Dave McComas (Southwest Research Institute and University of Texas at San Antonio)
The interstellar medium arises from material ejected as stellar winds and from cataclysmic phenomena such as novae and supernovae. The Interstellar Boundary Explorer (IBEX) directly observes neutral atoms from the local interstellar medium surrounding the Sun that penetrate our heliosphere and survive into Earth’s orbit. This material is partially ionized and the ions and neutrals interact with each other, coupling these components together and allowing various aspects of the plasma interactions between the interstellar medium and heliosphere to also imprint themselves onto the observed neutral atom distributions.
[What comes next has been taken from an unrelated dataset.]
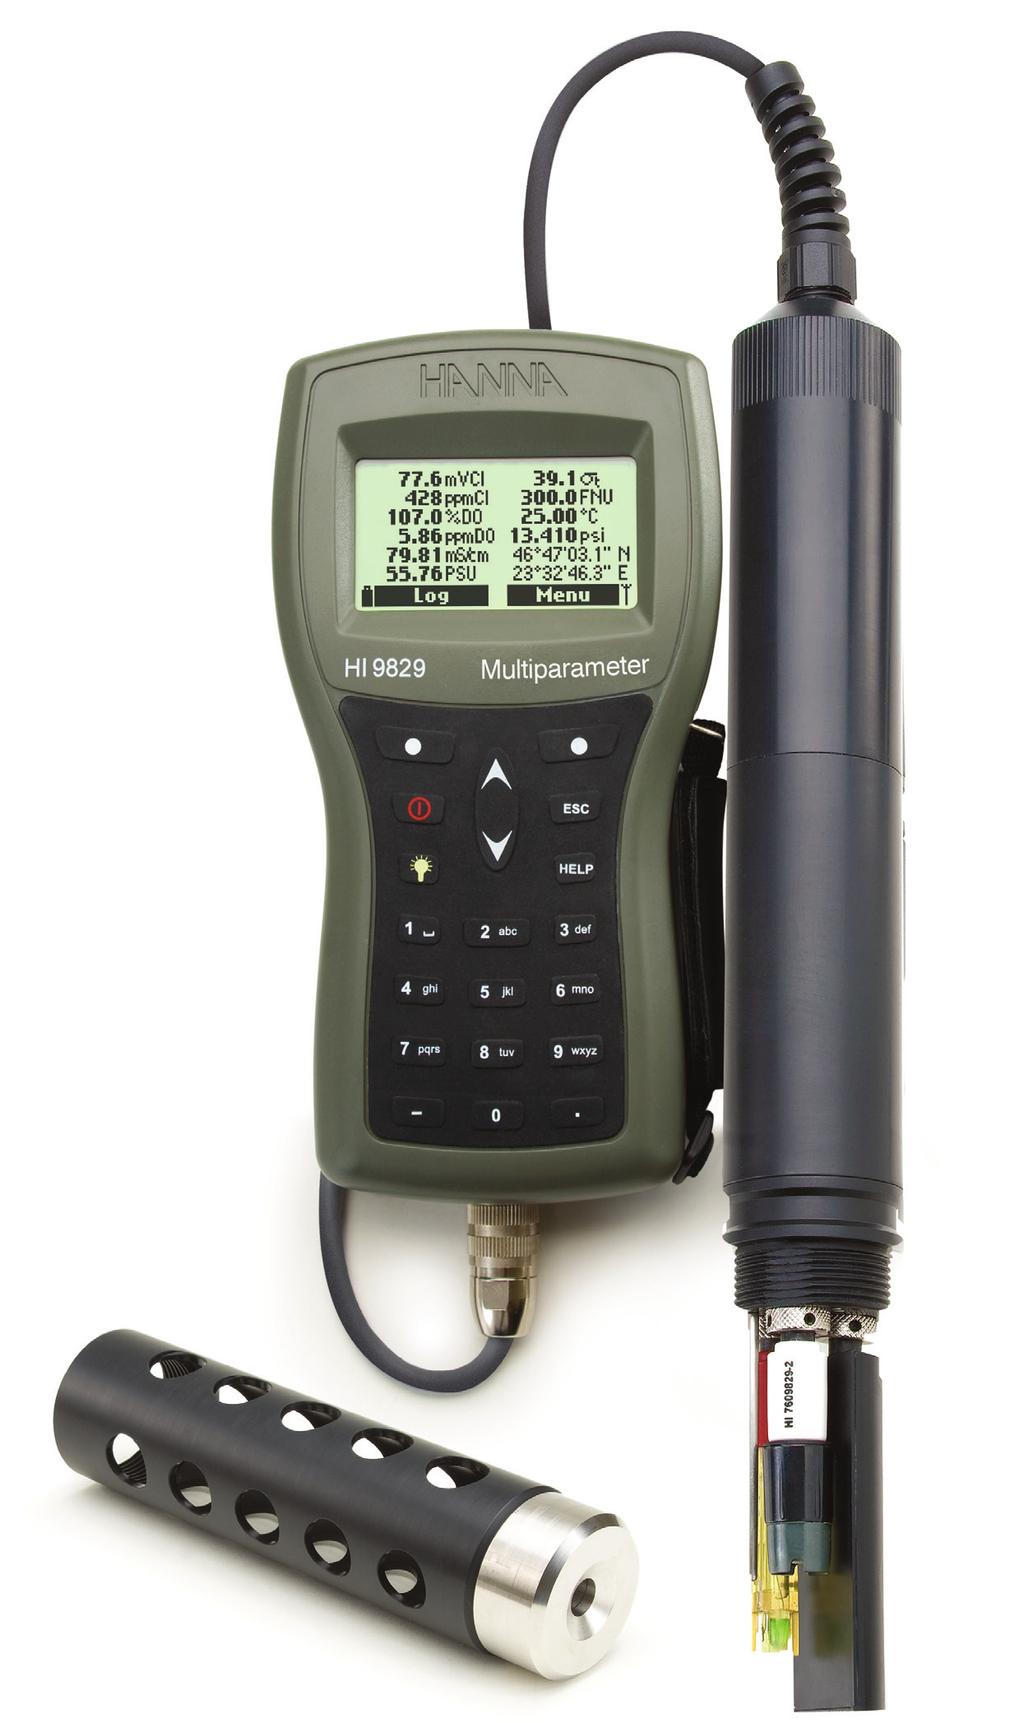 Strumento multiparametro portatile 17 parametri per la qualità dell acqua Un unico strumento portatile con GPS Robusto, a tenuta stagna e semplice da usare, è lo strumento portatile ideale per
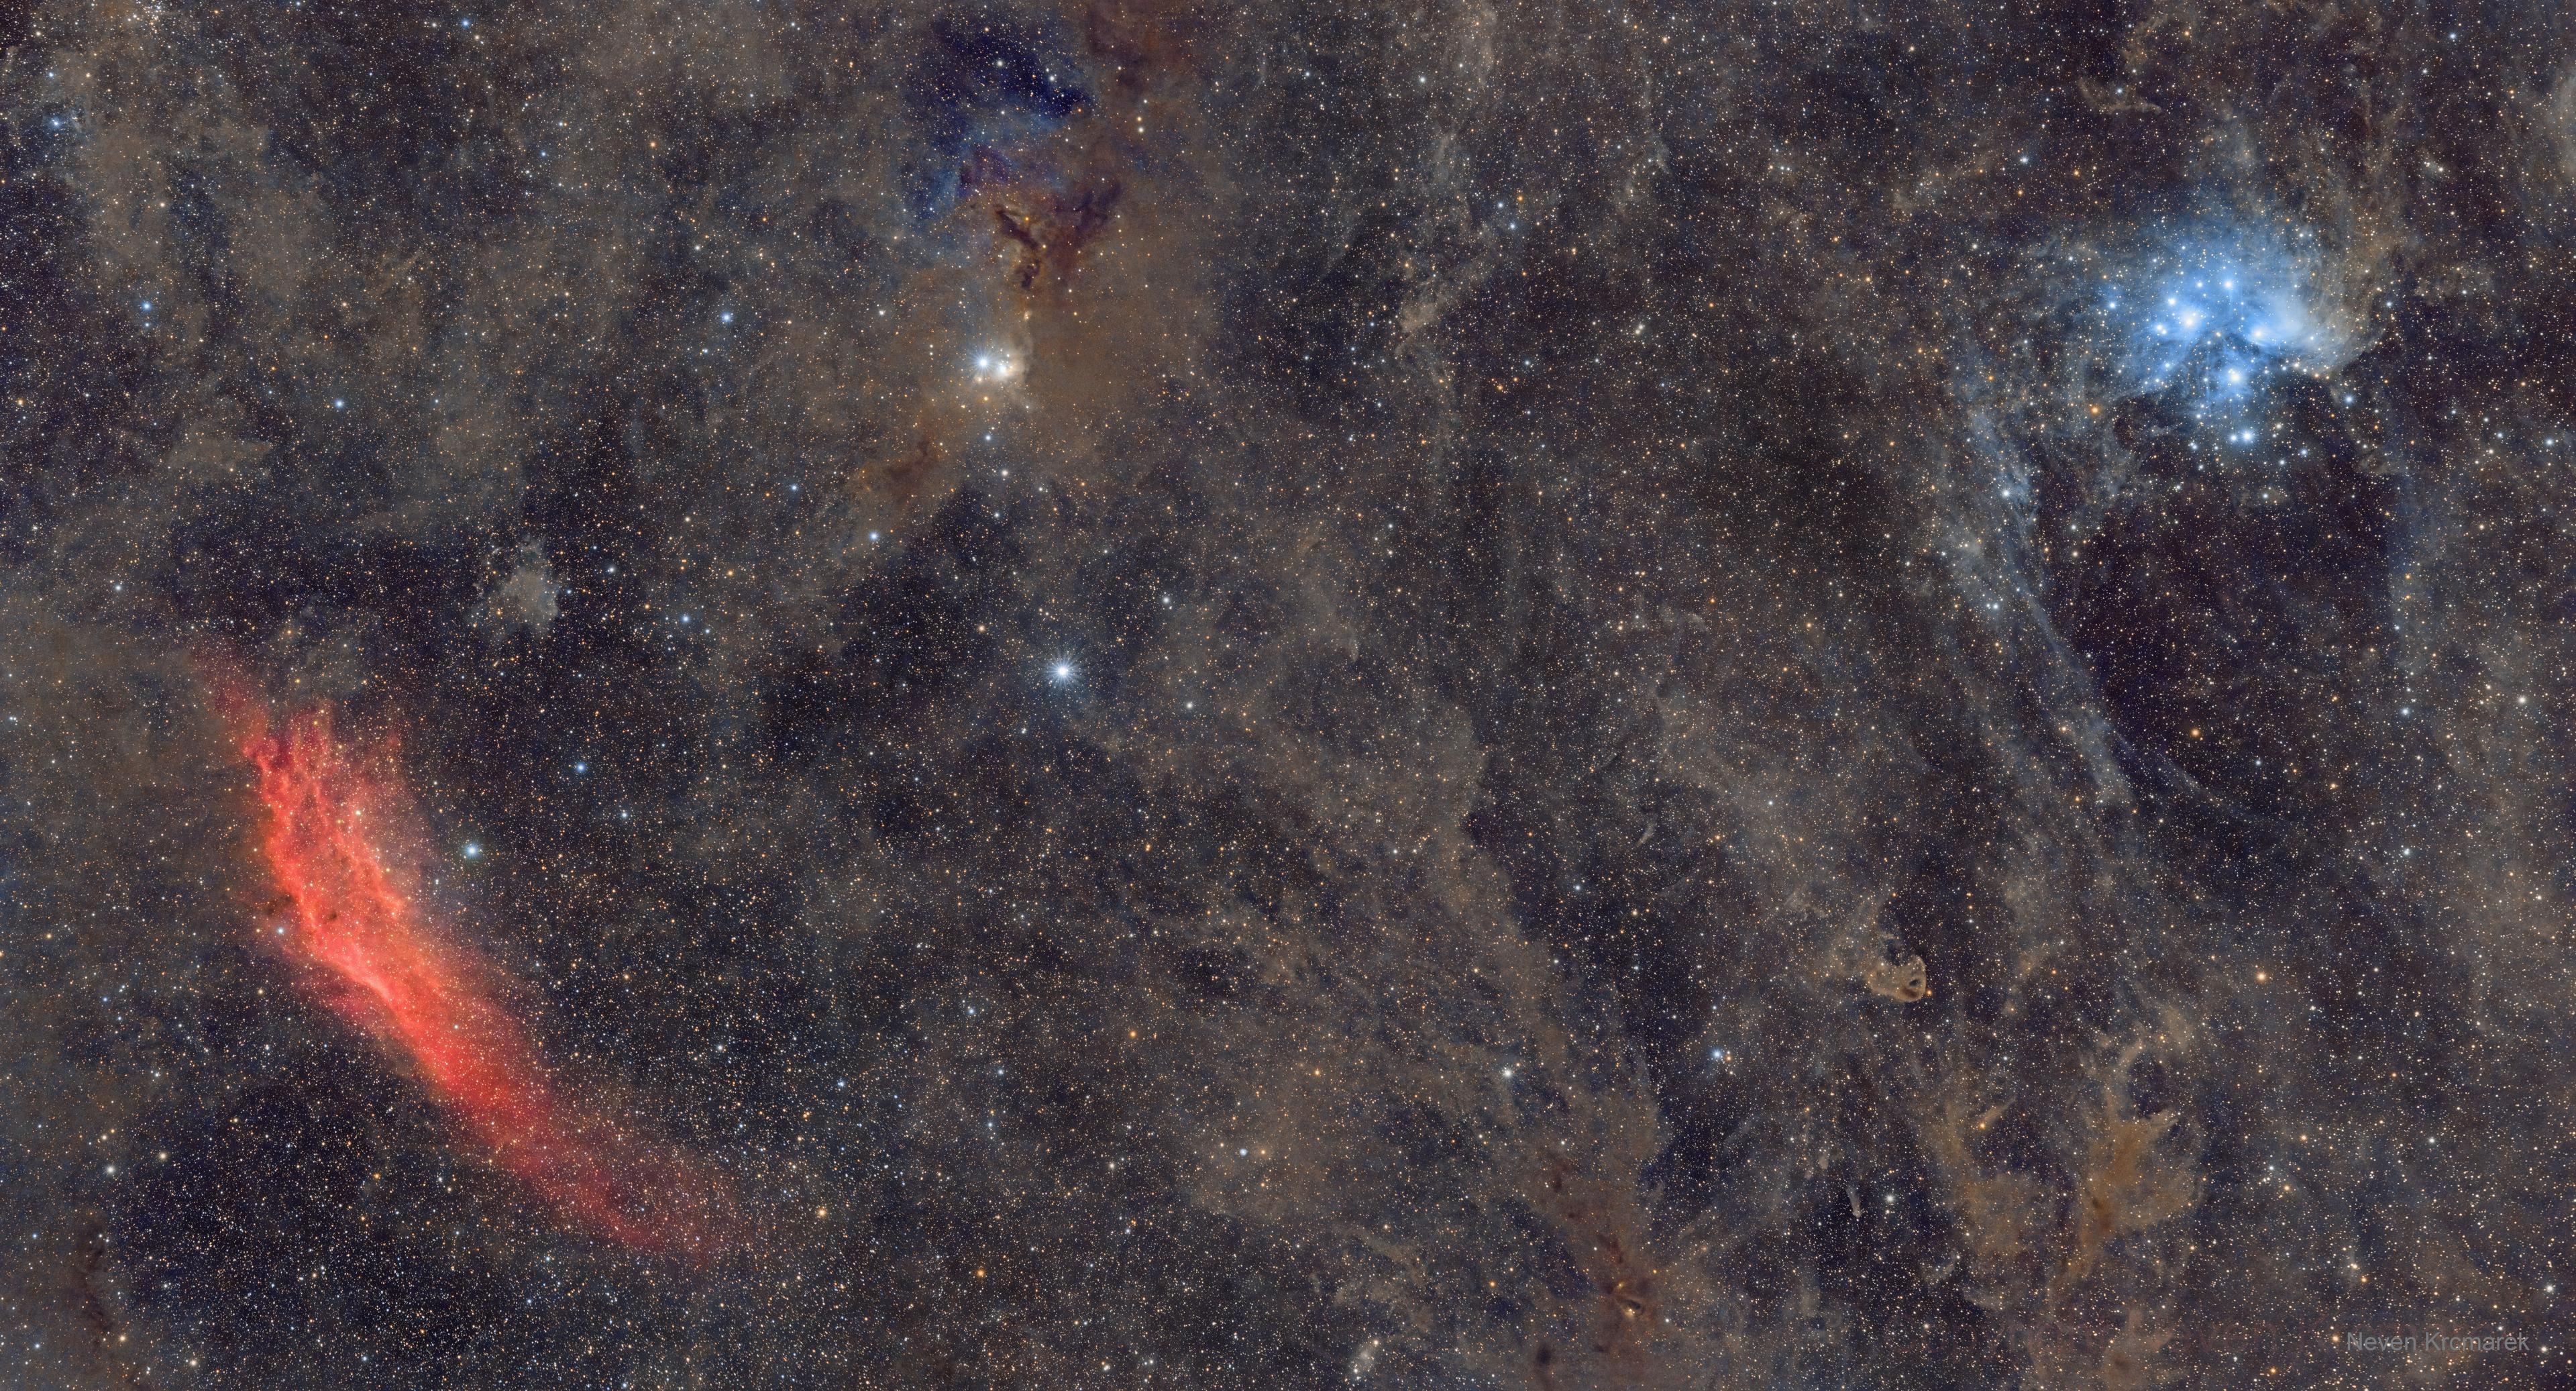 صورة تُظهر عنقود الثريّا النجمي بلونه الأزرق أعلى اليمين وسديم كاليفورنيا الأحمر أسفل اليسار، وبينهما الفضاء بأغبرته ونجومه وسدمه

IBEX interstellar neutral observations now span six years (2009-2014) and provide a wealth of new information about the very local interstellar medium and its heliospheric interaction. In this Astrophysical Journal Supplement special issue, we collect together 14 new studies that describe the IBEX interstellar neutral results over this interval and provide other supporting and relevant observational and theoretical results. The first paper in this issue, McComas et al. 2015, lists the titles and first authors of each of the contributions; that paper also provides an overview and summary of the entire special issue and recommends the best combined interstellar parameters currently available for other researchers to use for theory and modeling studies. Each of the papers in this special issue provides great insight into various detailed aspects of the observations, interpretations, and theories related to IBEX’s unique interstellar neutral data set.
Collectively, the 14 studies in this special issue, along with the prior papers, open a completely new window on the local interstellar medium in terms of its composition, properties, and even the processes at work in the interstellar region around our heliosphere. These observations provide the ground truth for understanding the interstellar medium more generally, which is critical for stellar and planetary system formation. They also inform the formation of astrospheres around other stars and a deeper understanding of the tenuous material throughout our galaxy and the other galaxies beyond.